What the task asks.
For every line below, output the text exactly and leave out images.

Data block.
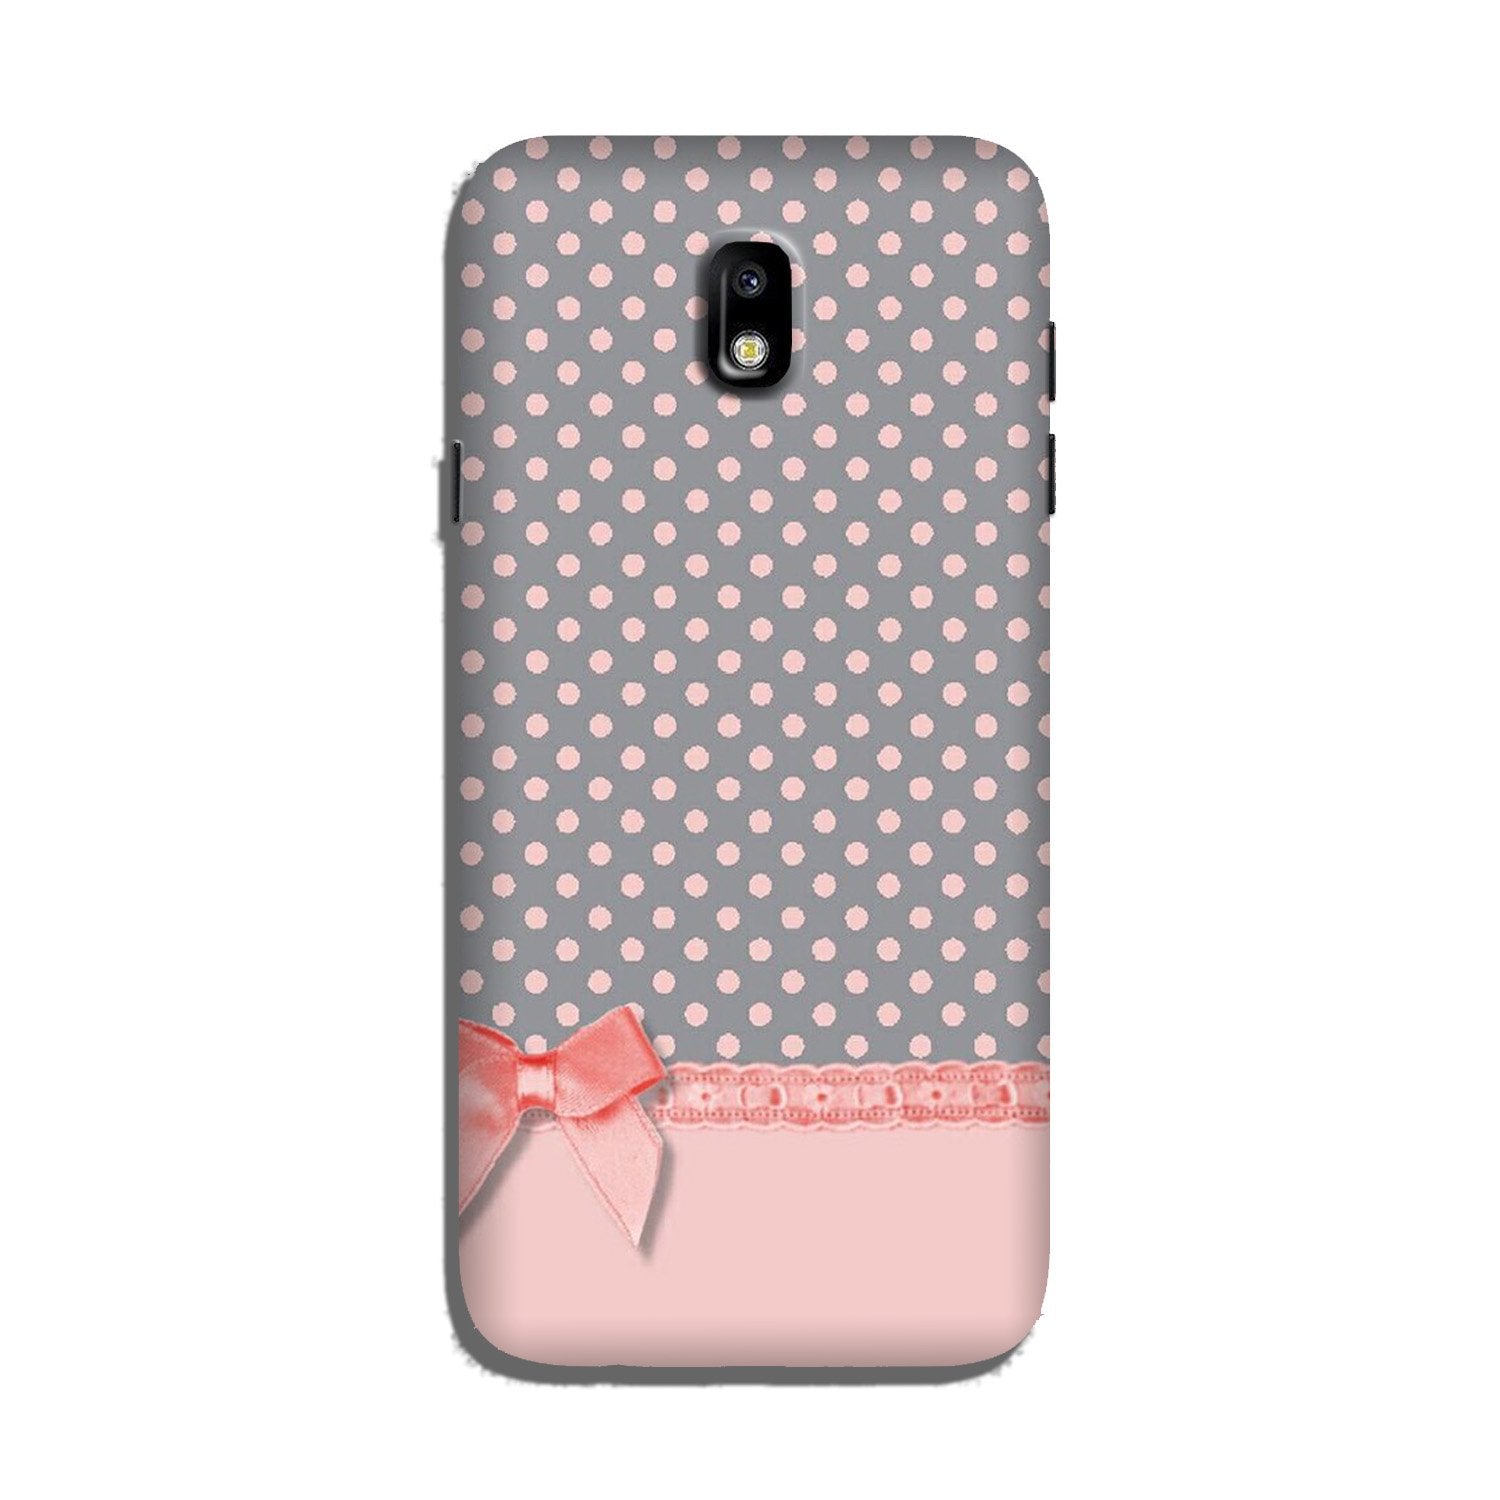 Gift Wrap2 Case for Galaxy J3 Pro
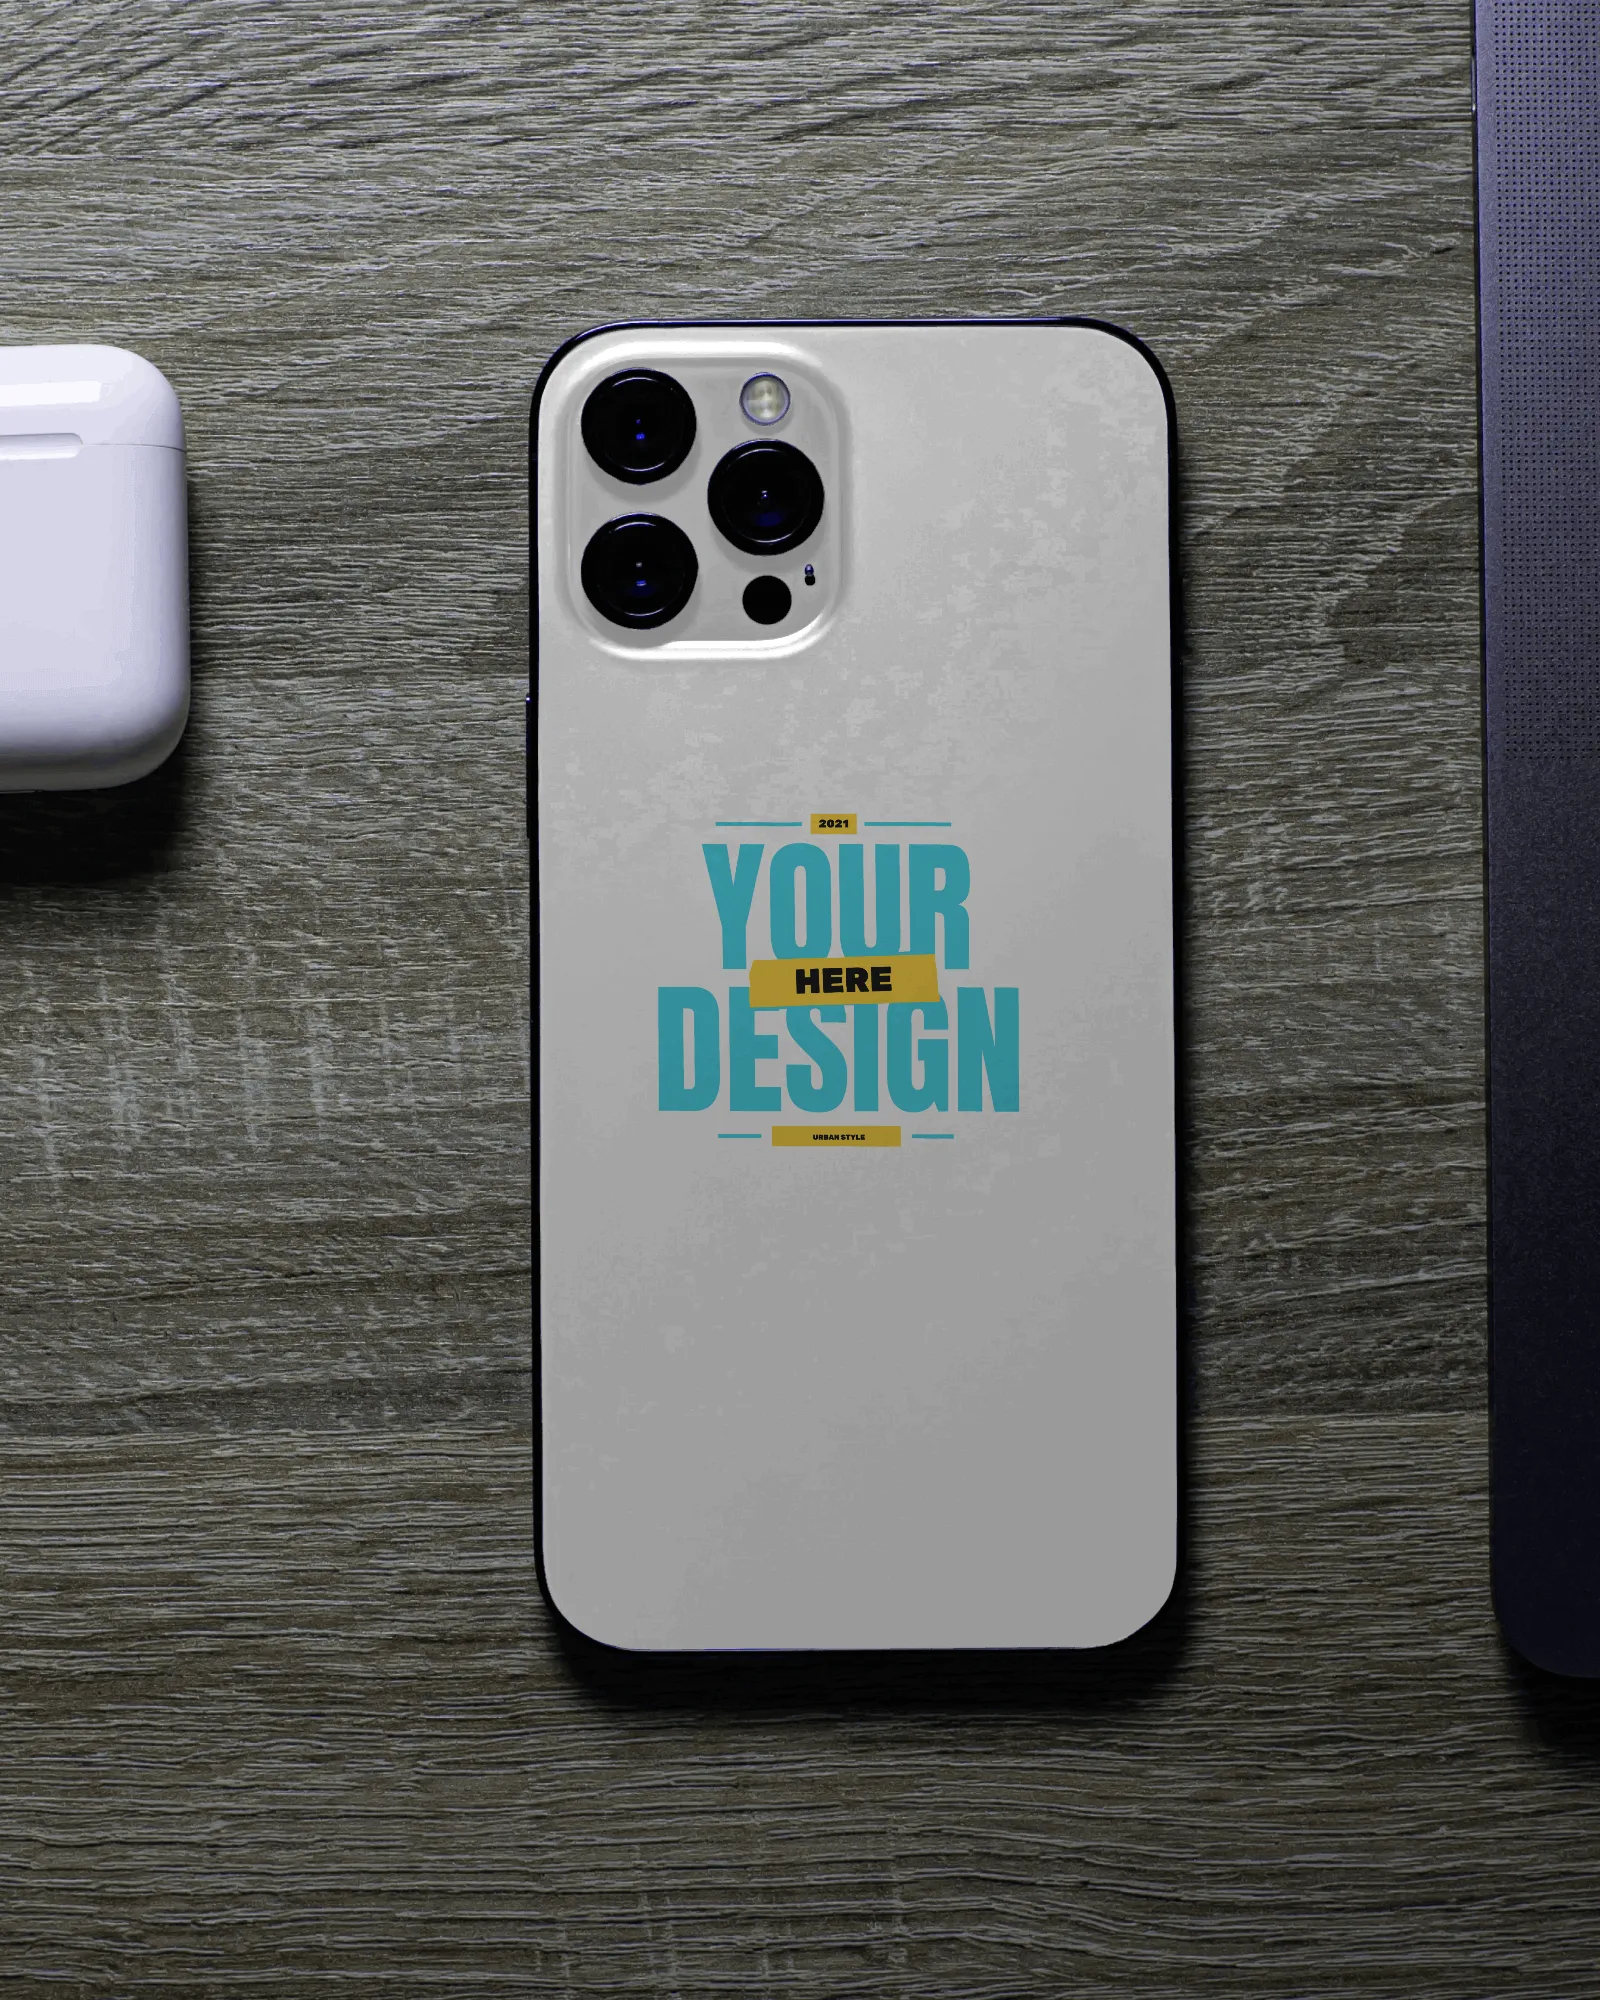 iPhone case mockup template free
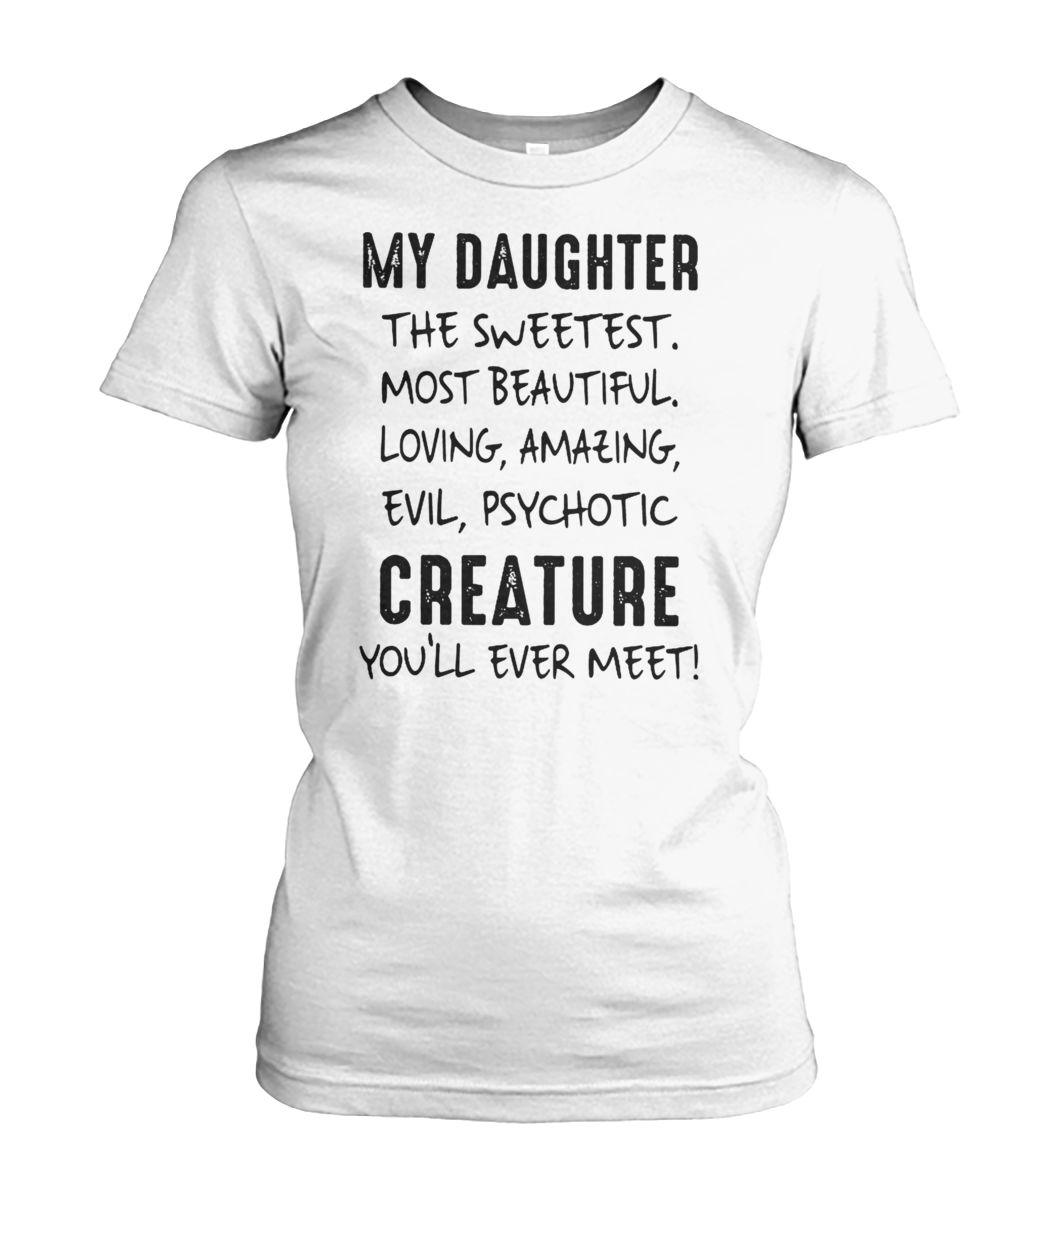 My daughter the sweetest most beautiful loving amazing evil psychotic creature you'll ever meet women's crew tee

Exercise output.
 Gift Wrap2 Case for Galaxy J3 Pro
 iPhone case mockup template free
 My daughter the sweetest most beautiful loving amazing evil psychotic creature you'll ever meet women's crew tee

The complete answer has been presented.